TweedleD: Arre there is nautanki by Munni Bai, she is getting old but can still shake her hips.! Chulbul Pandey is played by Salman Khan, and Bhai is the hero of the masses! We can relate to him. Bhai speaks our language – “Hum tum mein itne chedd karenge ki bhool jaaoge ki saans kahaan se lein aur paadein kahan se!!” (at this point TweedleD is laughing so much he collapses on the man in front of him, who is laughing his head off too. Bhaichaare mein sab chalta hai!) TweedleD is helped up and in gratitude shares with the other Bhailog the vuvuzelas he has brought for the festivities.
TweedleJi recoils in horror at this crudity and begins to wonder about the wisdom of coming to a single screen. But he thinks of all the scripts he sends in that are returned unread, and stiffens his spine.
They settle down with popcorn and the film begins. Two child actors have wrapped their janeu (sacred thread) around their ears and are crapping in a field. TweedleJi has a flash-back to the last film they saw together. Cut to a heist and a confrontation where Chulbul Pandey takes on one goon after another in quick succession, keeping the trope of the 70s masala gangster and cop films intact. Nothing has changed, no heavy artillery, no backup, and the vuvuzelas and seetis are drowning out the dialog as people dance in the aisles with Chulbul Pandey. Dimple Kapadia manages to look like an asthmatic witch and Vinod Khanna is incredibly stony as the father PandeyJi. The company of such thespians no doubt inspires Arbaaz Khan to be his stony best as the brother Makhkhi. Then Chulbul ji encounters a smoldering beauty (Sonakshi Sinha) and is instantly smitten. Tere Mast Mast Do Nain showcases the full-on pelvic action male stripper dance moves of Chulbul Bhai. TweedleD wonders when we will see her joining in the dancing. TweedleJi is muttering at the stupidity of having a father dance around in underwear to Humka Peeni Hai as a thana full of cops tries to help their Inspector Chulbul Pandey woo one girl.
TweedleJi learns some quick lessons as he watches the crowds going crazy. The script can go to hell, you need one crowd-pleasing hero who speaks in semiliterate-speak and breaks all the laws while being a good heart – a Robin Hood! He should have ishtyle, and several seeti-maar dialogs, and preferably woo a leading lady who is not an emaciated fashionista! So Salman Bhai is the prime reason for the euphoria of the crowd – he is THEM. The second reason Dabanng will work big is Sonakshi; she is very normal and the aam junta can relate to her – a good looking but not anorexic or over-endowed movie star. She is attainable, while those GUCCI and PRADA wearing Aisha types never will be. And this woman actually has a bit of a role in this predominantly male focused revenge saga action film, and some importance in the tale; in Wanted Ayesha Takia was simply harassed and ridiculed and wasted.

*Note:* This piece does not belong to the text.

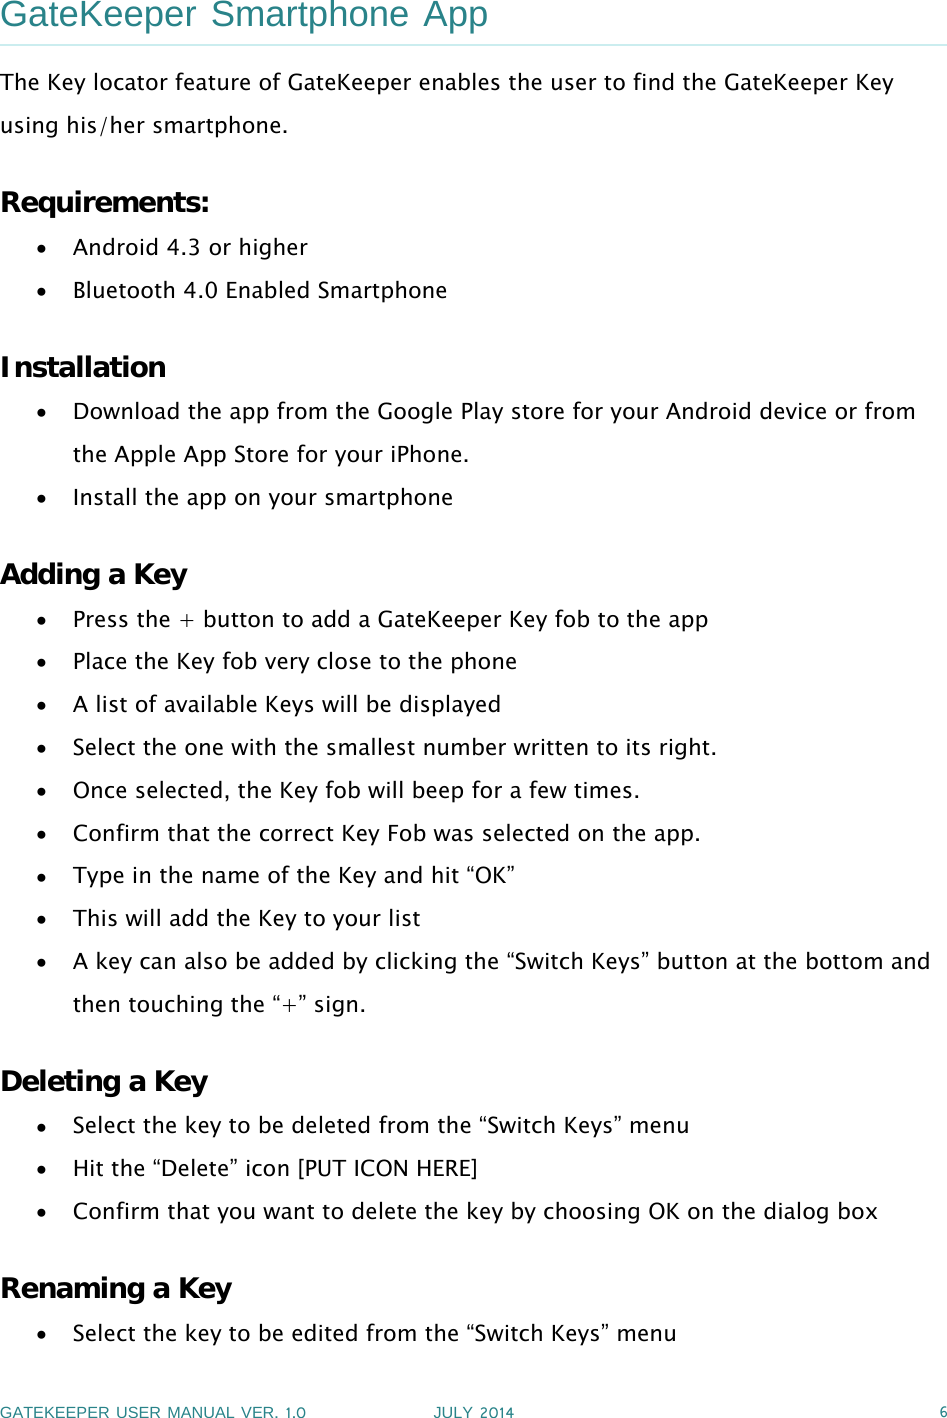 GATEKEEPER USER MANUAL VER.1.0 JULY 2014 6GateKeeper Smartphone AppThe Key locator feature of GateKeeper enables the user to find the GateKeeper Keyusing his/her smartphone.Requirements:Android 4.3 or higherBluetooth 4.0 Enabled SmartphoneInstallationDownload the app from the Google Play store for your Android device or fromthe Apple App Store for your iPhone.Install the app on your smartphoneAdding a KeyPress the + button to add a GateKeeper Key fob to the appPlace the Key fob very close to the phoneA list of available Keys will be displayedSelect the one with the smallest number written to its right.Once selected, the Key fob will beep for a few times.Confirm that the correct Key Fob was selected on the app.Type in the name of the Key and hit “OK”This will add the Key to your listA key can also be added by clicking the “Switch Keys” button at the bottom andthen touching the “+” sign.Deleting a KeySelect the key to be deleted from the “Switch Keys” menuHit the “Delete” icon [PUT ICON HERE]Confirm that you want to delete the key by choosing OK on the dialog boxRenaming a KeySelect the key to be edited from the “Switch Keys” menu

TweedeD is squirming in his seat and very distracted. When asked he simply says MUNNI BAI kahaan hai? And just them the crowd ROARS into action as Munni becomes badnaam yet again! Chulbul Bhai goes into high gear with his signature steps, while the villainous Sonu Sood turns into a buffoon. In fact what Bhai pulls off as a semi-literate accent never quite works on Sonu and a real villain is sorely missed in this masala throwback tale. Now it is all over but for the explosions, and gun fights and wire-action, and of course the sentimental moments when Pandeyji finally turns into a father for Chulbul. And it is all brought about by one inhaler – an acknowledgment of the modern era in this otherwise 70s film!
The film ends and the twin Tweedles file out, D humming Munni Badnaam Hui while Ji is pondering on lessons learnt. Ji is struck by the parallel between Salman Khan and Arnold Schwarzenegger! Both body-builders and men of dubious acting skills, but they have the ability to chew up the scenery when they are in a frame, they can make a film watchable simply by being themselves and showing their ripped bodies once in a while. And both have the ability to make the MOST out of one-liners, something that Hindi cinema always wants but rarely has. The role of the director Anubhav Sinha, in the making of this film, seems to have been to dress Salman in Khaki uniform, plaster on a mustache, point him in the right direction and yell – GO BE YOURSELF!